Leaving out every picture, retype the lines below from the top through the one that contains "Вебкамера Hikvision DS-UA14, 4".

**Information shown:**

= Beginning of Section =

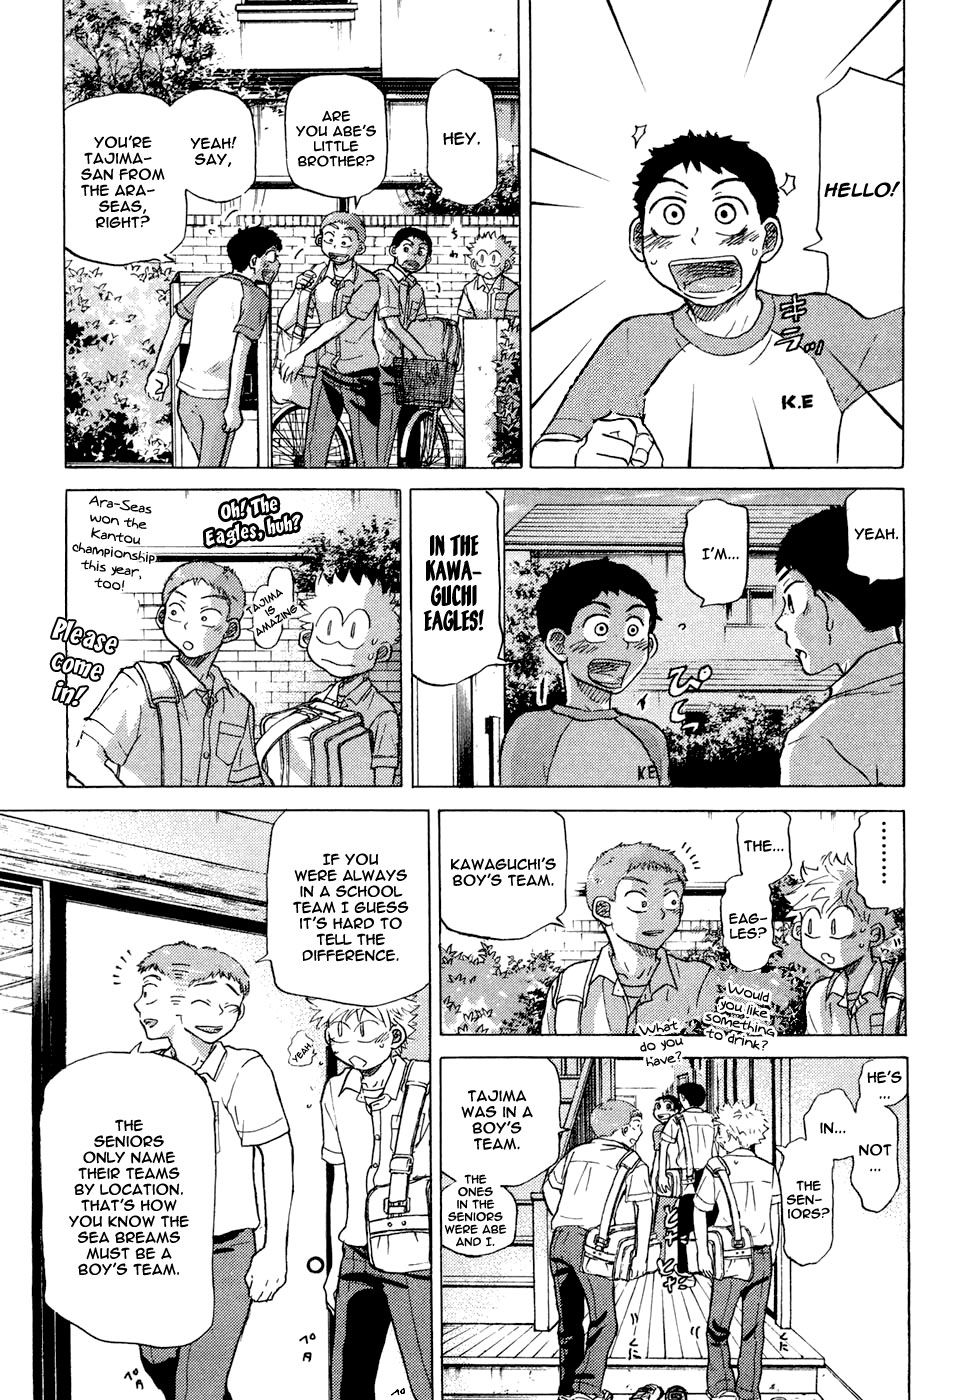 Ookiku Furikabutte - 27 page p_00022
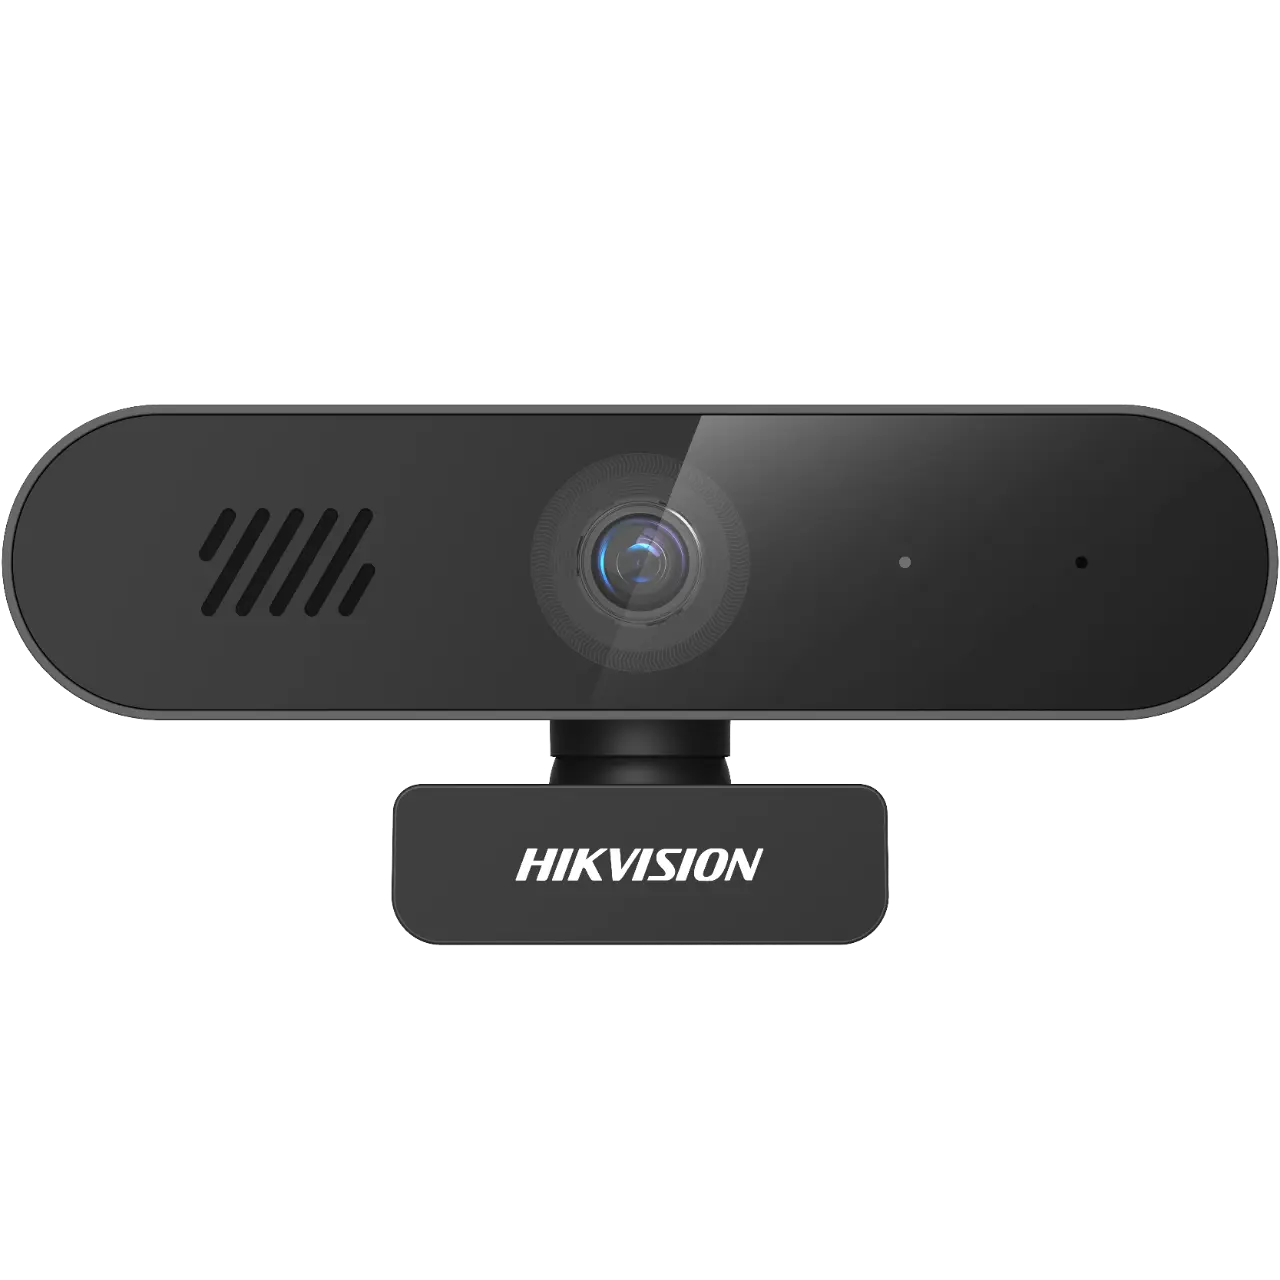 Вебкамера Hikvision DS-UA14, 4 MP, 2560x1440, встроенный микрофон, USB 3.0, черный (DS-UA14)
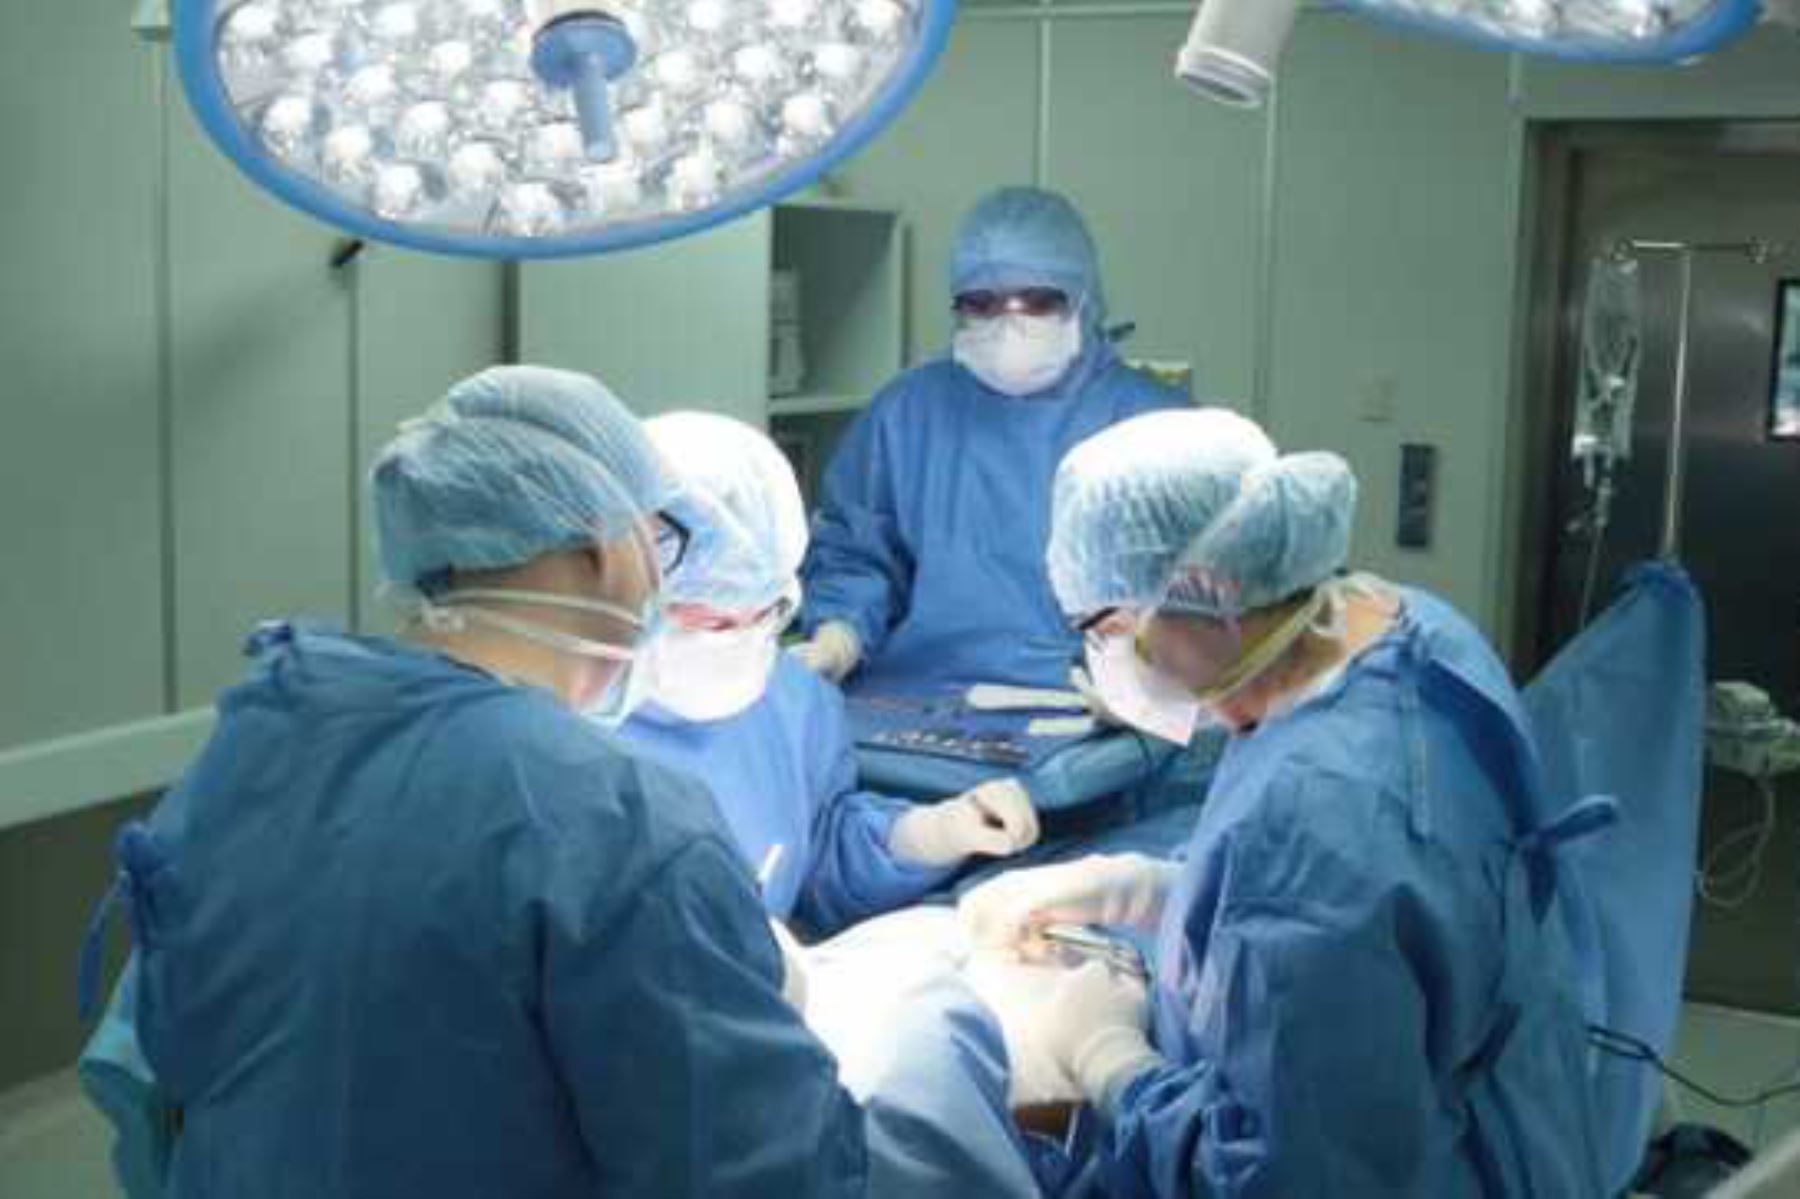 La técnica de transposición uterina es un procedimiento que se aplica mediante una cirugía laparoscópica que permite el traslado temporal del útero y los ovarios hacia la parte superior del abdomen, con el objetivo de preservar la capacidad reproductora de la mujer. Foto: ANDINA/INEN
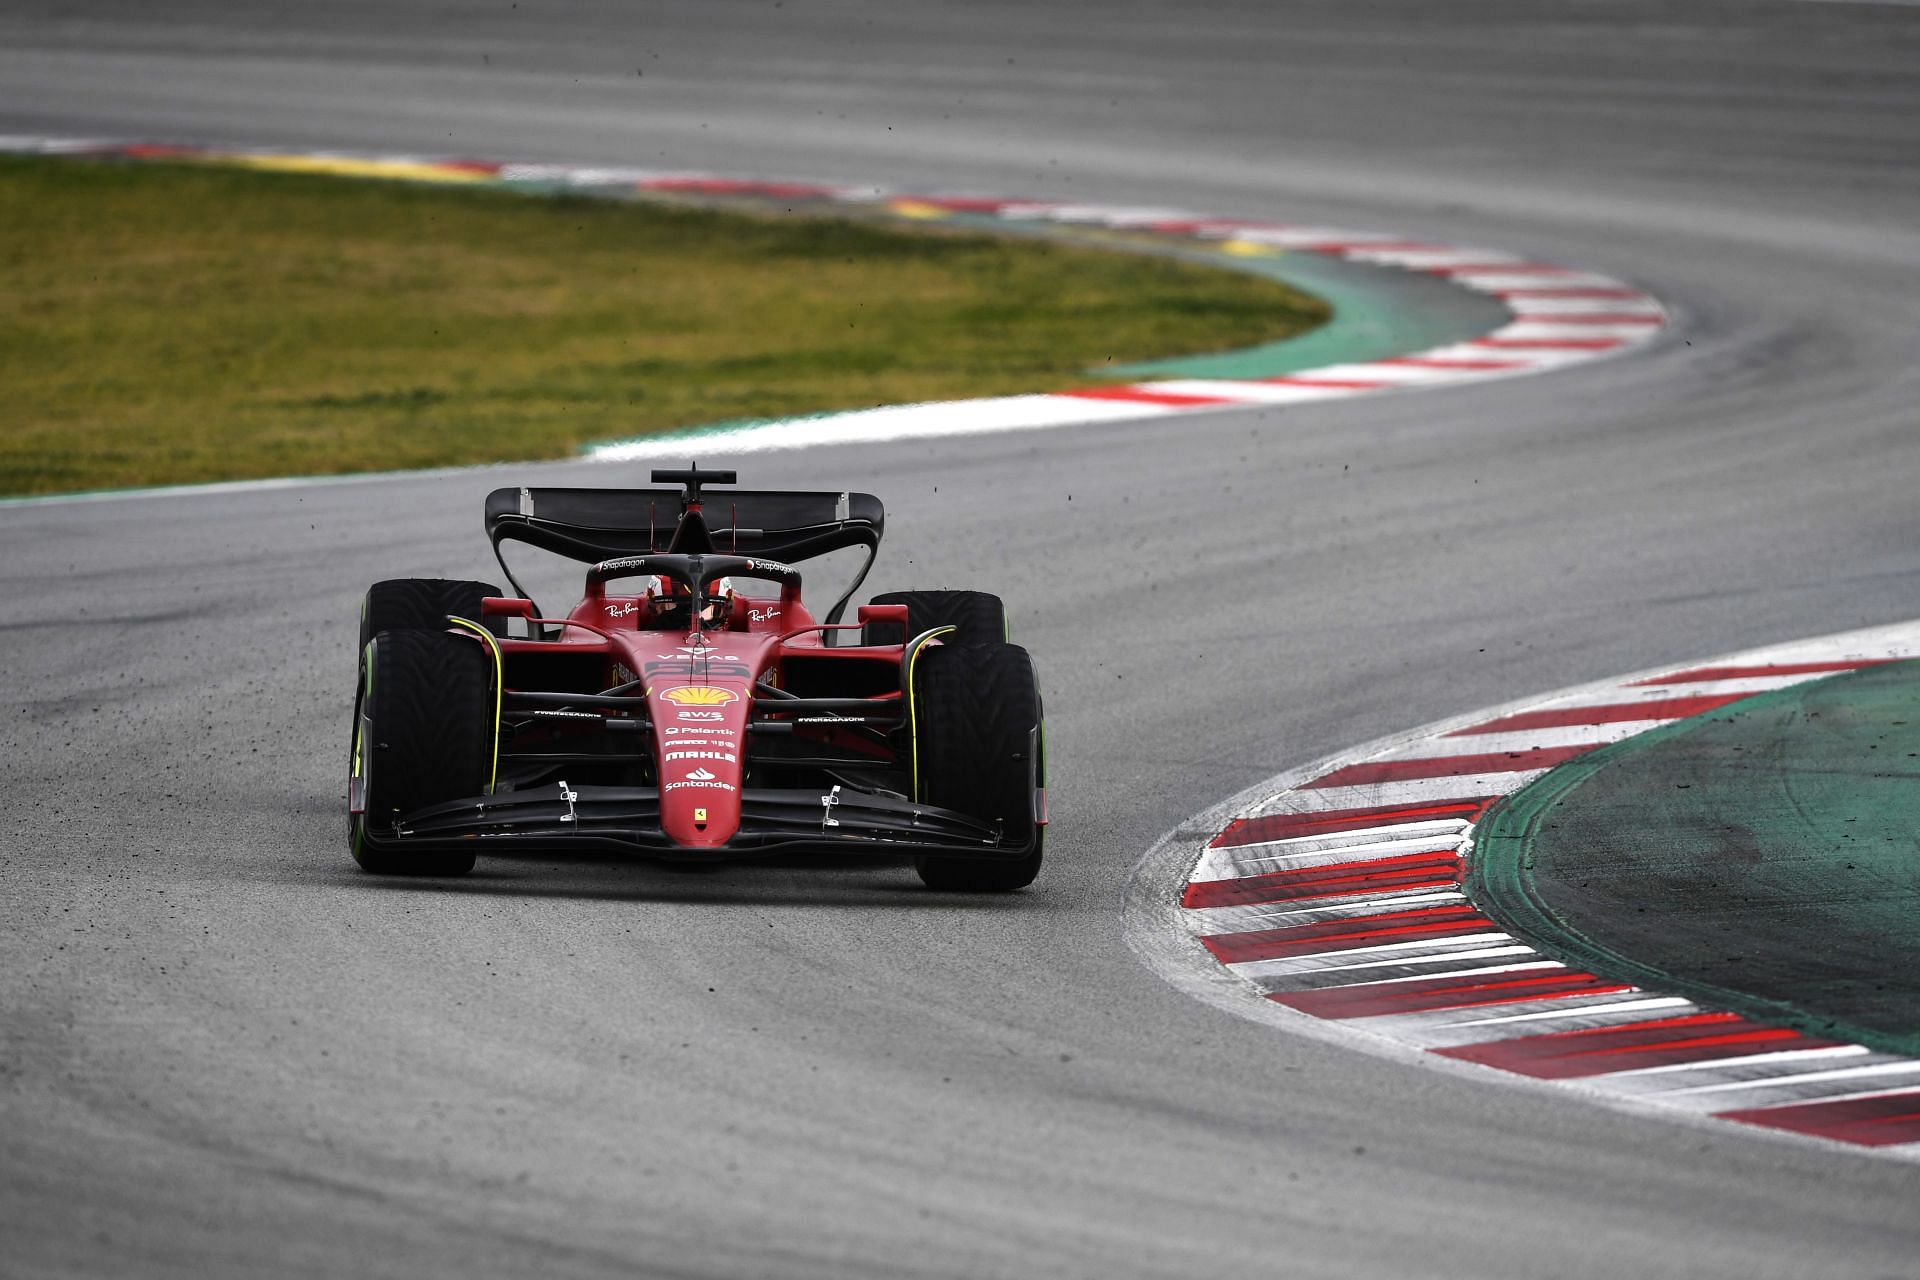 How will the new upgrades fare for Ferrari?

= End of Section =

**Result of the exercise:**
 Ookiku Furikabutte - 27 page p_00022
 Вебкамера Hikvision DS-UA14, 4 MP, 2560x1440, встроенный микрофон, USB 3.0, черный (DS-UA14)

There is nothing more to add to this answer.